Living the Zombpocalypse
By Aaron Yeager, Staff Writer
November 16, 2007 | 6 a.m.
Every morning on the week before Halloween, I donned a bandanna before leaving my dorm and prayed not to die on the way to class.
Of course, for those not in the know, the term "die" is a bit vague in this case -- more accurately, I was afraid of being "zombified."
Humanity
Midnight on October 23, marked the start of Humans vs. Zombies. This game is essentially a more militaristic campus-wide version of tag, played at Ohio university at all hours. I started on the second day, participating in the game's first event -- an escort mission -- as a human.
Around 11:50 p.m., West Green was swarming. People bedecked with comically oversized yellow and red plastic guns crossed Richland Avenue in brigades, bantering merrily and hot with anticipation.
"Are you a zombie?" one human asked a lone unarmed man standing atop a divider. "What do you think?" the man replied. As if possessed, two or three humans reached for their holsters and made quick work of the ambivalent spectator. It was only the beginning.
The humans could have literally passed for a small army, spanning the whole of Richland bridge. We were supposed to escort a scientist (of which there were actually three, with the real one incognito) on an epic, hour-long trek to Morton Hill. This basically amounted to us running like a hell-bent mob from everything that resembled a zombie.
As we flooded Court Street, confused belligerents tried to incite mass agitation by yelling "I love Bush" out a window. Amused, the troop continued determinedly toward its destination.
Morton Hill was a massacre. Zombies rushed at human firing squads with murderous aplomb. Instead of fleeing, I tried to hold my position, shooting one of my friends in the forehead before being cornered and divested of both my bandanna and "life."
Descent
From then on, things changed. As the Zombie Queen herself attested, “Life (un-life?) on the other side ain't easy.”
"I can't go to Gam[ertsfelder] anymore. Every bottle of Tide looks like a gun," the Queen, Lisa Gumerman, said.
Gumerman couldn't even walk to Donkey to talk to me without being "deactivated" (zombies are already "dead," so when they are shot, they are simply unable to "kill" for a preset period of time).
I was "deactivated" twice during the day, one of those times being at Shively, where after-dinner massacres became routine.

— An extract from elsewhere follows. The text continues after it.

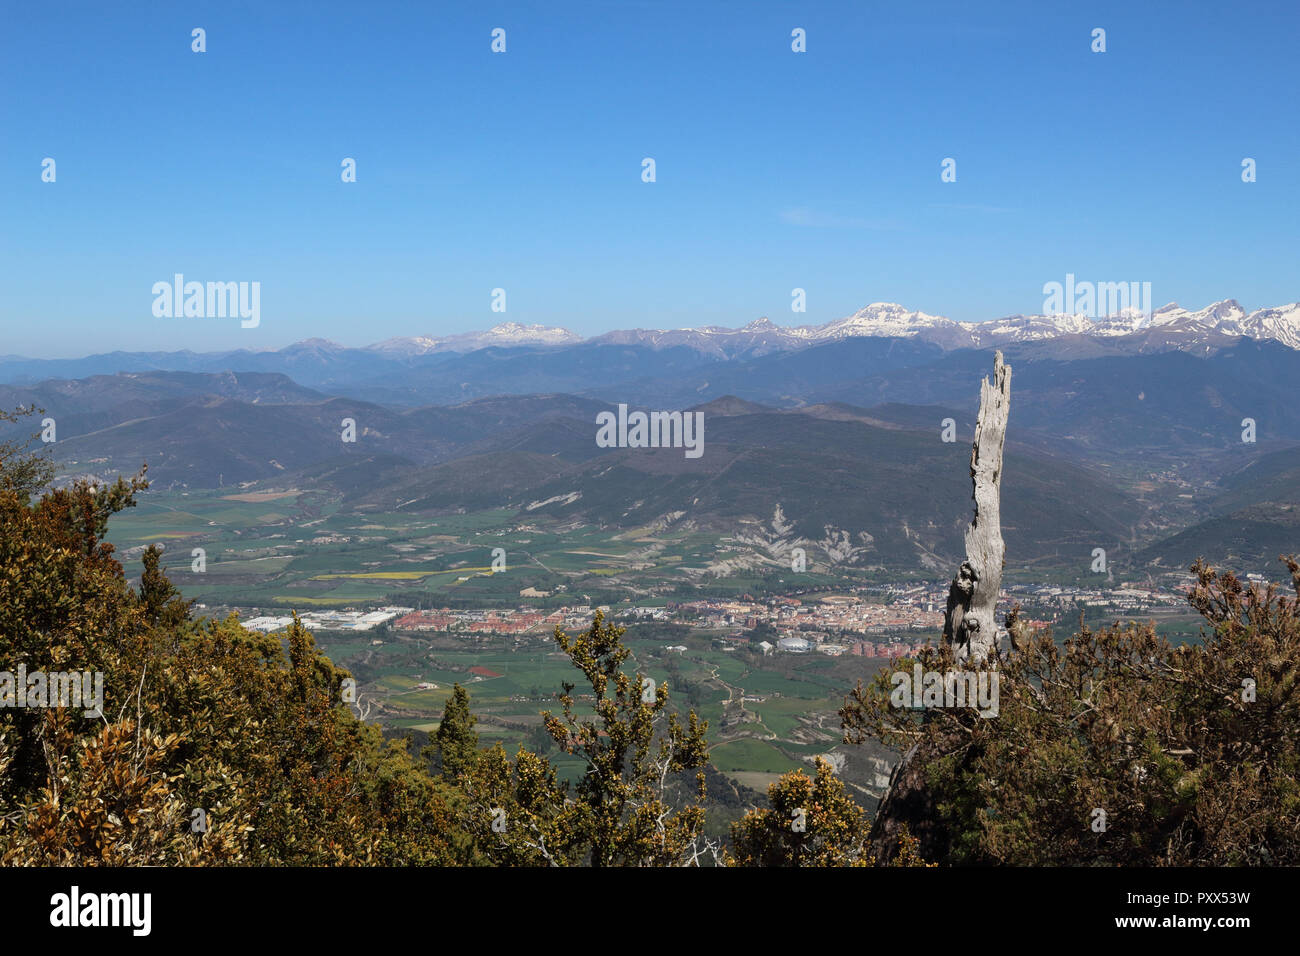 Eine Landschaft mit schneebedeckten Pyrenäen und ein weites Tal mit blauen bewölkten Himmel und einige Büsche in den Peña Oroel, Region Aragon, Spanien Stockfoto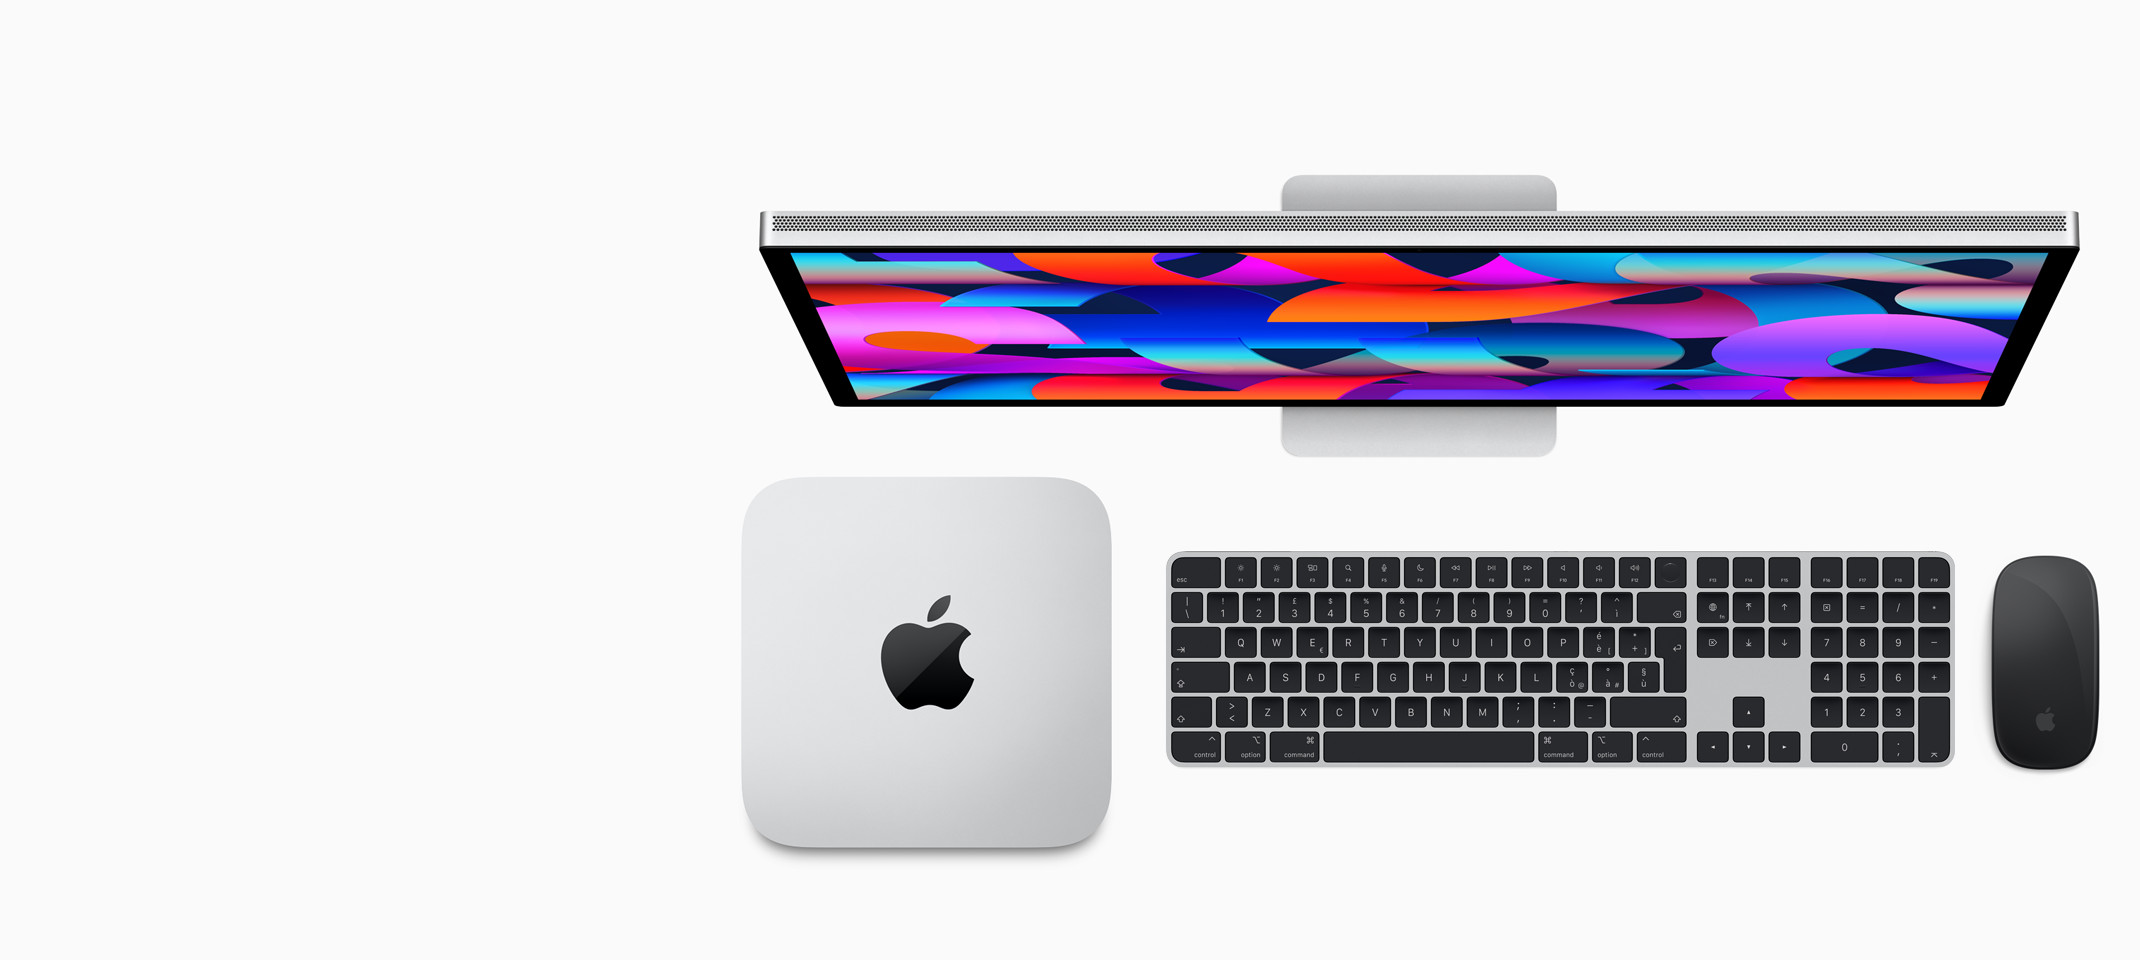 Studio Display, Mac Studio, Magic Keyboard con Touch ID e tastierino numerico, Magic Mouse

At night, however, we became the predators, coordinating kamikaze attacks on timid, holed-up humans. Of course, as I sorely learned, there were exceptions. On my first night as a zombie, some rogue humans chased me into the parking garage beneath Read, where I panicked, expecting imminent death. In desperation, I found a single, small exit, heaved myself up a flight of stairs, and vaulted across the street, dodging blanks from another befuddled human along the way before plunging into some bushes.
A former human I spoke with, Scott Creamer, had a similar brush with death. Cornered and out of ammo, Creamer let zombies circle him before jumping out and firing blanks, causing the zombies to duck and giving him just enough time to escape.
Such situations, reminiscent of Lord of the Flies or The Most Dangerous Game, make Humans vs. Zombies more than a friendly competition--it's also partly an exercise in the primeval.
"The people who treat this as life and death, they give us the most problems," Gumerman said. "I'm hardcore, but I realize it's a game."
During the next few nights, as pickings grew slimmer and slimmer, impatience and blood lust rose among the zombie "horde." Zombie Martha Archer decried how many would shout over Gumerman to say what the group should do next. Conflicts also erupted on Facebook, where humans complained of mounting foul play, such as zombies lunging at humans while "inactive."
Despite all this to-do, however, the final night of Humans vs. Zombies progressed quietly. Confined to College Green, humans took to trees and obscure crevices in order to evade their adversaries.
In chalky makeup, equipped with two flags, a marching drummer and a trumpeter, the zombies were a force to be reckoned with. While there were no grand battles, the ones that sprung up provided some entertainment. The only major one I witnessed was halted by the police, since it took place in an area where zombies would have had to "crowd surf" to attack properly.
Exhausted and partially discouraged, I headed home before the end of the final night. While the game hadn't been as action-packed as I had hoped, I took pride in the fact that I survived to see the end, even though I was already "dead."